Author George Johnson talks about the struggles of growing up Black and queer

Video edited by Beyza Vural 

Written by Alam Alidina

Student reporter Emma Hagood talked to George Johnson, author of The New York Times’ bestselling memoir “All Boys Aren’t Blue” at the SXSW EDU conference in Austin, Texas about the struggles of growing up Black and queer—and how that experience feels especially relevant now as those identities come under increasing legislative pressure. 

Their conversation was featured in an episode of our teen mental health podcast, On Our Minds with Matt and Faiza.

Johnson’s goal was to give men an outlet to discuss trauma through their memoir. “There is no place for anyone who identifies as [a] man or male to really say, I’ve been harmed, I’ve been abused,” Johnson said. 

To do so, Johnson had to redefine masculinity itself. It wasn’t just “the thing that said you should have fought back, you should have punched him, you should have killed him, you should have harmed him”—for Johnson, men, too, could be vulnerable. 

So they set out to write “All Boys Aren’t Blue” in an “extremely vulnerable and transparent” way, hoping to prove to queer teens that they “deserve the right to have their stories told.” 

But Johnson was undergoing personal struggles at the time. Their grandmother, whom they’d written about in the memoir, was diagnosed with a terminal brain tumor that gave her 12 to 18 months to live.

“I had to kind of like really come to terms with the fact that like I needed to heal from a lot of things from my past and also be figuring out what my grieving process would need to look like with her,” Johnson said.

Worse, when the memoir was finally published, their transparency brought immediate—and virulent—feedback. School boards removed “All Boys Aren’t Blue” from libraries in ten states. And in Iowa, legislation was drafted that would make it criminal for teachers to distribute the book at all.
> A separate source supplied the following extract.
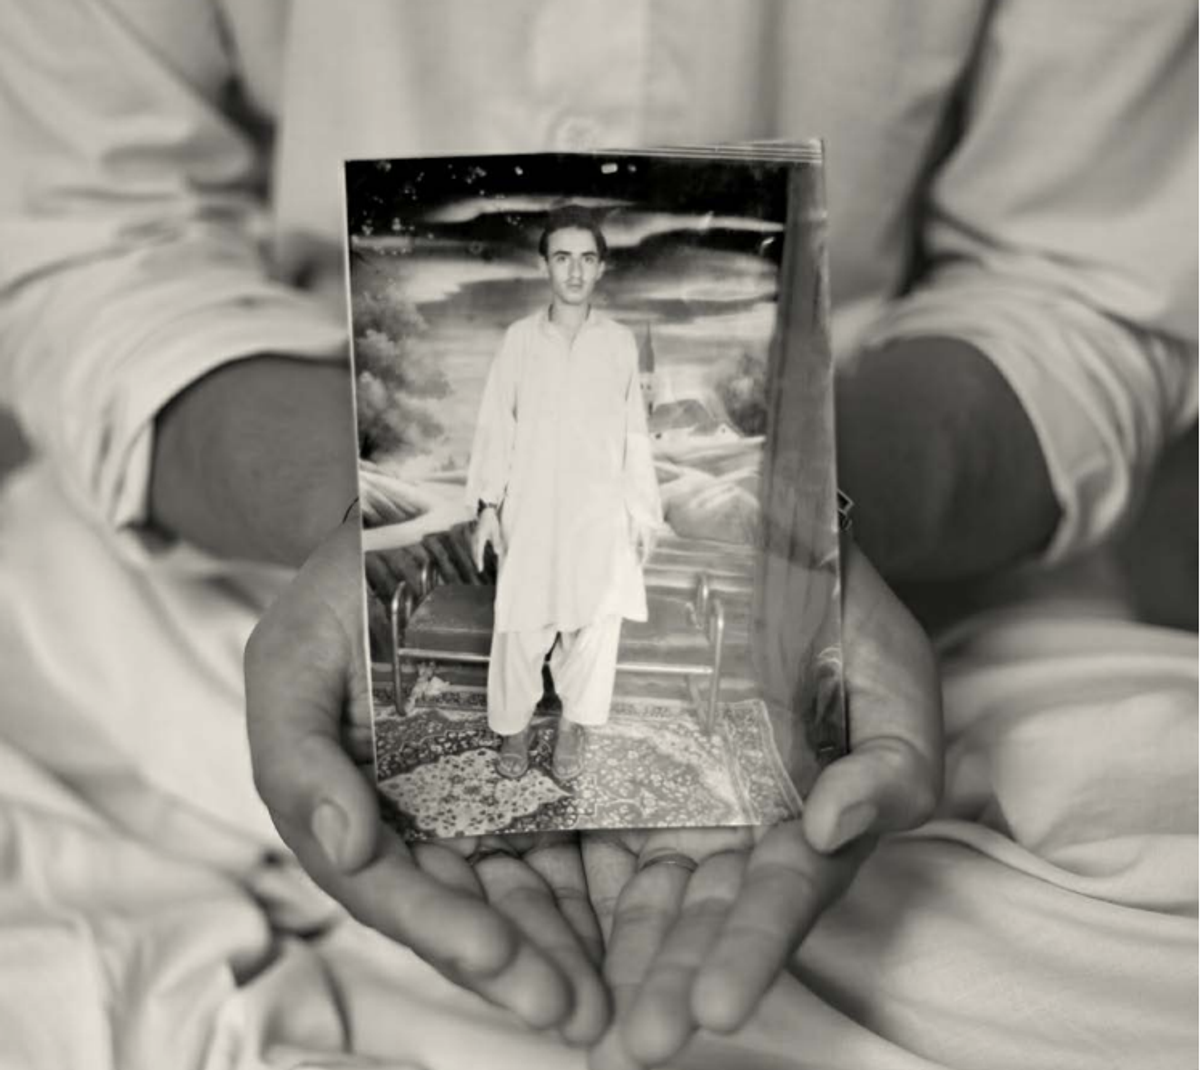  Image of Bagram detainee, taken into U.S. custody at only 14 years old (Justice Project Pakistan)

Johnson had expected a response: “​​In being that vulnerable to share my story and being vulnerable to put that messaging out there, I had to go to a place where I knew I was making myself a potential target because these are things that we have always been taught are things that you do not talk about publicly.”

But now that “All Boys Aren’t Blue” is out, they hope it can be a source of comfort to LGBTQ teens, especially those who feel marginalized by the regressive legislation that’s been passed in Texas and Florida and is being proposed across the country.

“Writing this book was a way it was cathartic in a way where telling these stories and putting them out to the world gave me the opportunity to get them out of me,” Johnson said. “And I am now watching other people be healed from my healing.”